Она долго не отпускает меня. Все сжимает и сжимает, и я не могу дышать. Но я задыхаюсь не от крепкой хватки седой женщины, а от того, что жжет меня изнутри. От дикой всеобъемлющей боли.

– Будь сильным, прошу тебя, – Доротея отстраняется и пристально смотрит мне в глаза, – будь крепок, как сталь, но пусть твое сердце навсегда остается сердцем.

«У меня нет его», – шепчу про себя, но, кажется, Дороти слышит мои мысли.

– Ты пережил настоящую боль, но ты самый добрый одинокий мальчик из всех, что я когда-либо знала, Ник. Я работала в приюте медсестрой, когда ты только попал к нам. Ты меня не помнишь, но я помню тебя очень хорошо, и ты сильно изменился внешне. Ты стал мужчиной. Но внутри тебя остался стержень, который был с самого первого дня, когда ты остался один – это стимул к борьбе. Ты мятежник, борец против всего в этом мире, но ты любишь его так же, как любишь драться. Ты хороший мальчик, Ник. Хороший мальчик.

Она снова меня обнимает, потом снова отстраняется и достает большую сумку из-за дивана и протягивает мне.

– Что это?

– Теплые вещи. Я немного похлопотала о них.

«Я не чувствую холода», – хочу сказать, но вместо этого выпаливаю:

– Спасибо, Дороти. Спасибо, что поверили в меня и заставили жить.

– Пожалуйста. Однажды ты станешь дряхлым стариком и поймешь, что все это было не зря.

Но она ошибается.

***

Мы все ошибаемся, и наши промахи стоят чьей-то жизни. Эффект бабочки, которая, махнув крылышками на одном конце света, может породить ураган на другом. Все наши действия, слова и мысли накапливаются в атмосфере и однажды их концентрация переваливает за критическую отметку. Мы взрываемся. Мы слетаем с катушек и теряем контроль над собственной жизнью.

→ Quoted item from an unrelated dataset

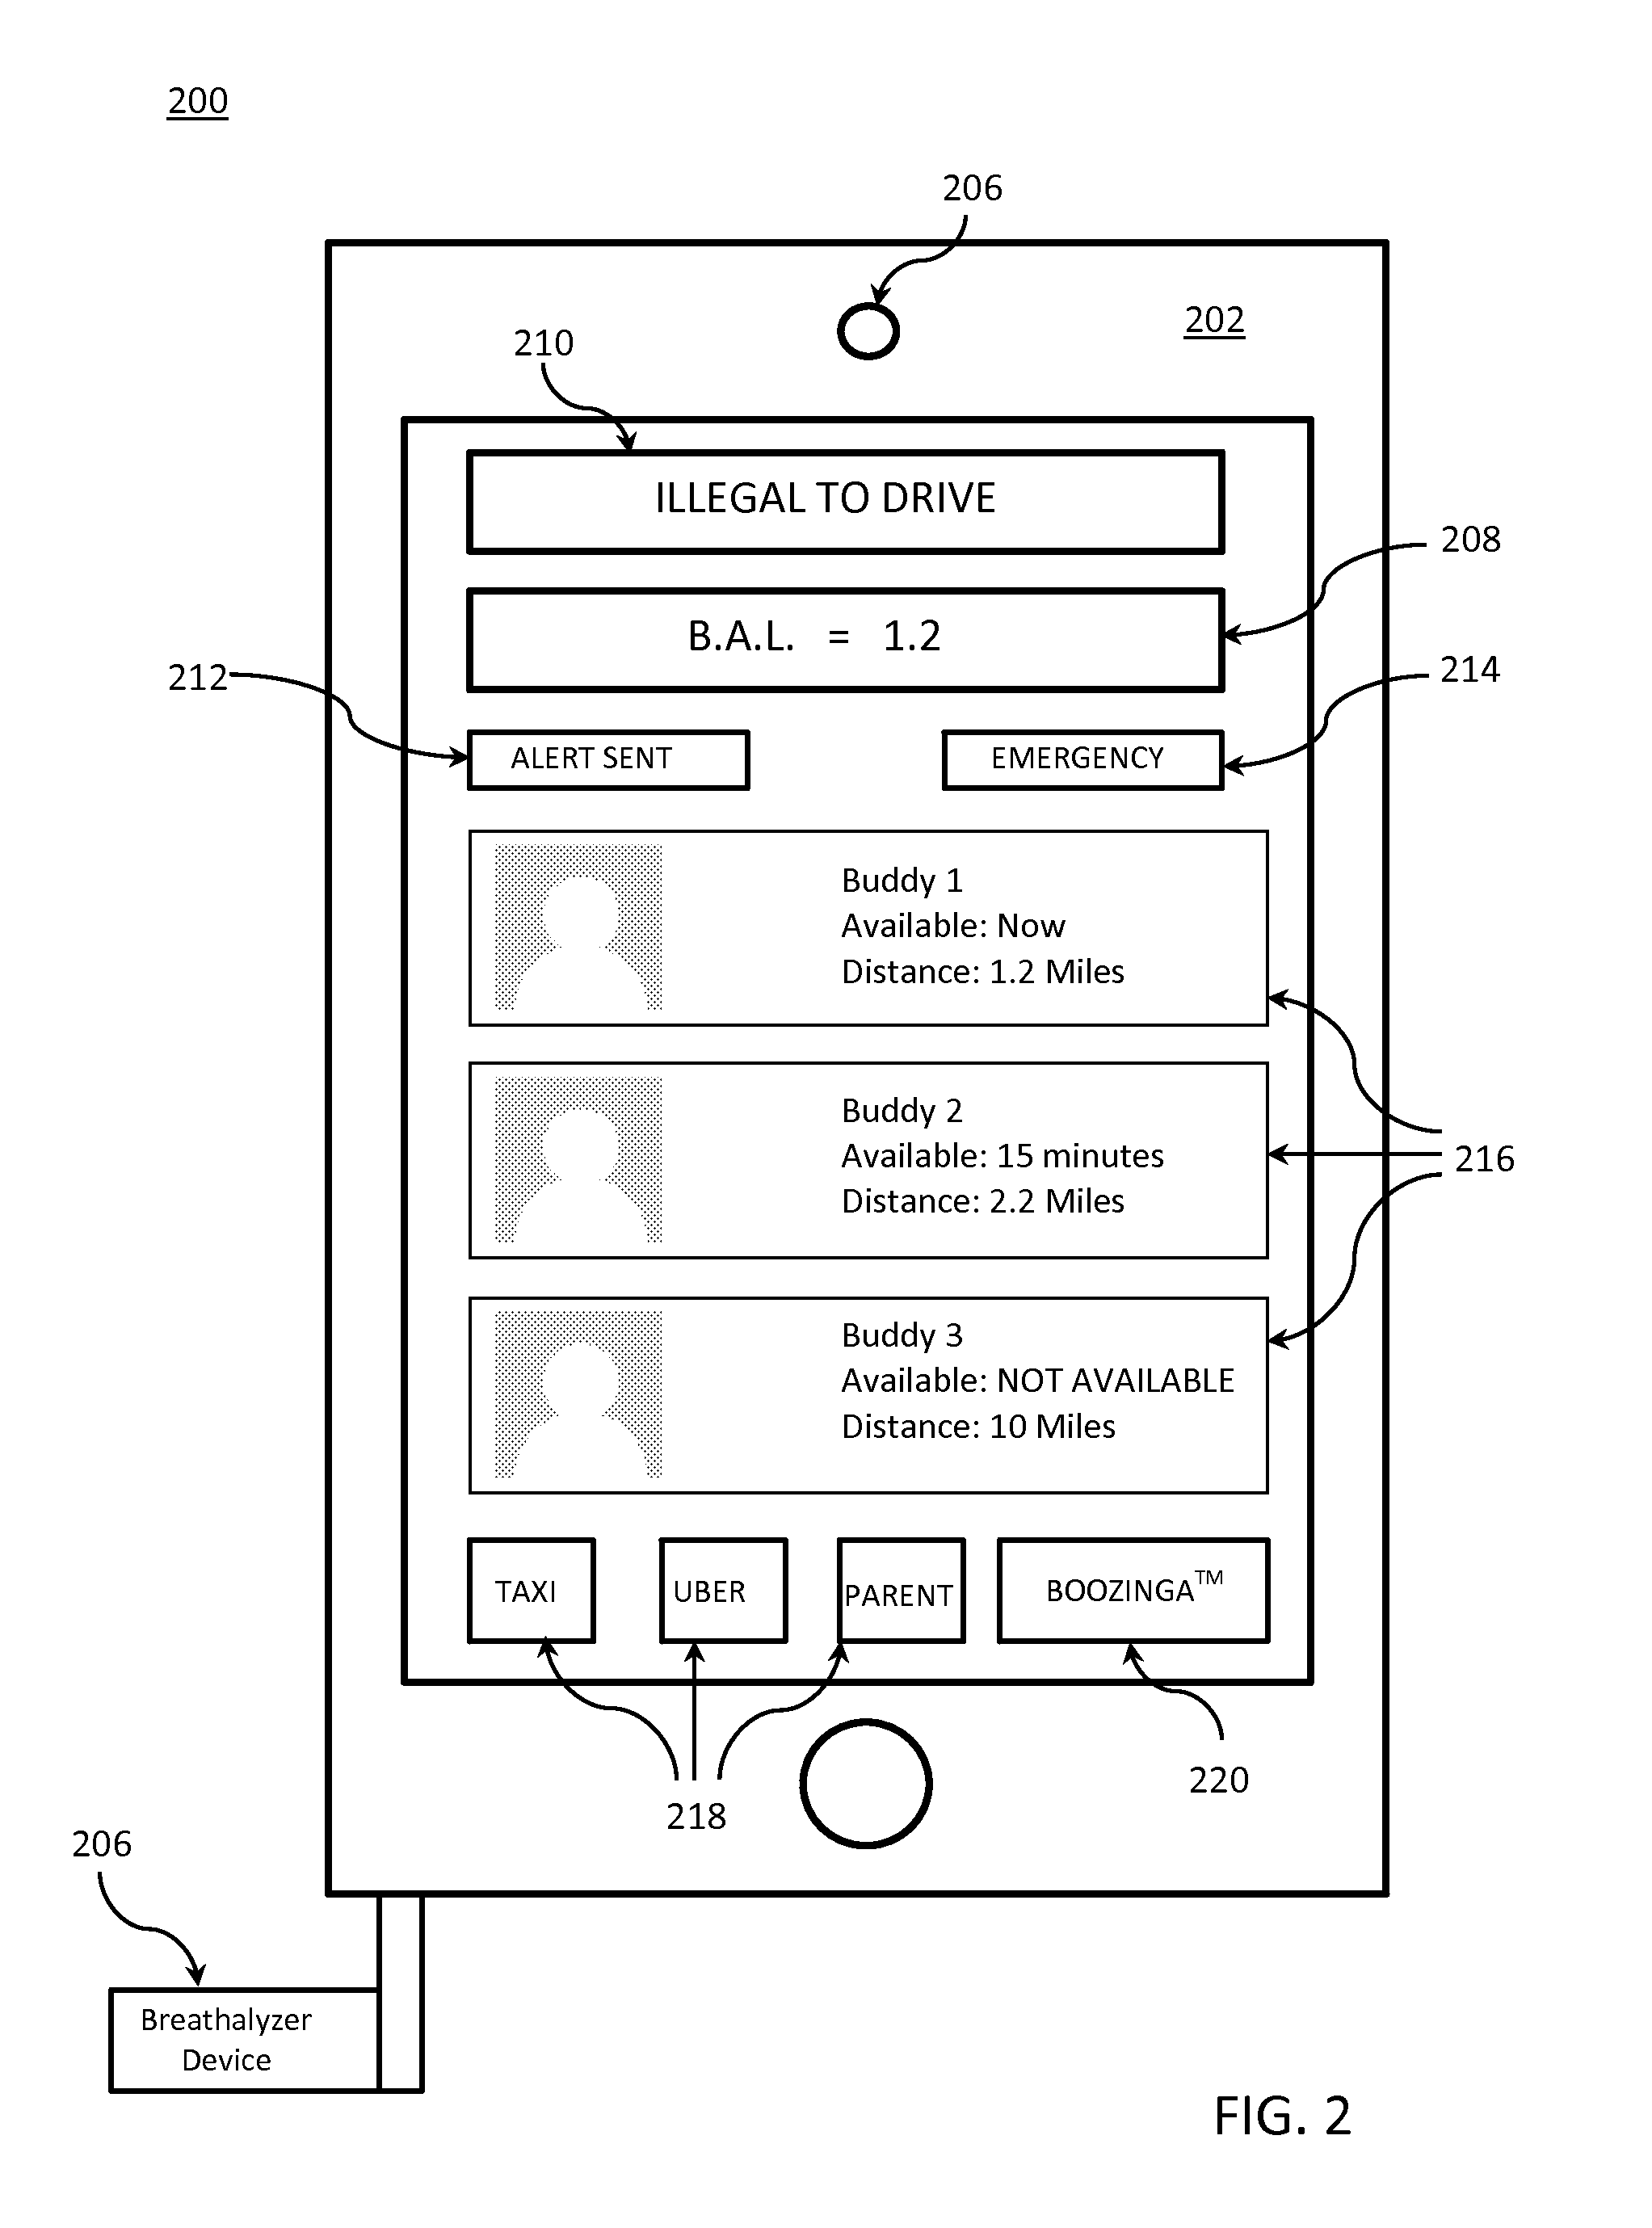 System and method for testing blood alcohol level and transmitting the results using a mobile device

Мое отделение от сознания вируса происходит окончательно, и я действительно не понимаю, как это работает. Я еду в машине, закрываю глаза, а когда вновь открываю, мои губы замирают на полуслове. Я подношу пальцы к ним, чувствую на задворках подсознания, что только что говорил что-то, но не помню, что именно.

Адам, сидя за рулем, недоверчиво косится в мою сторону.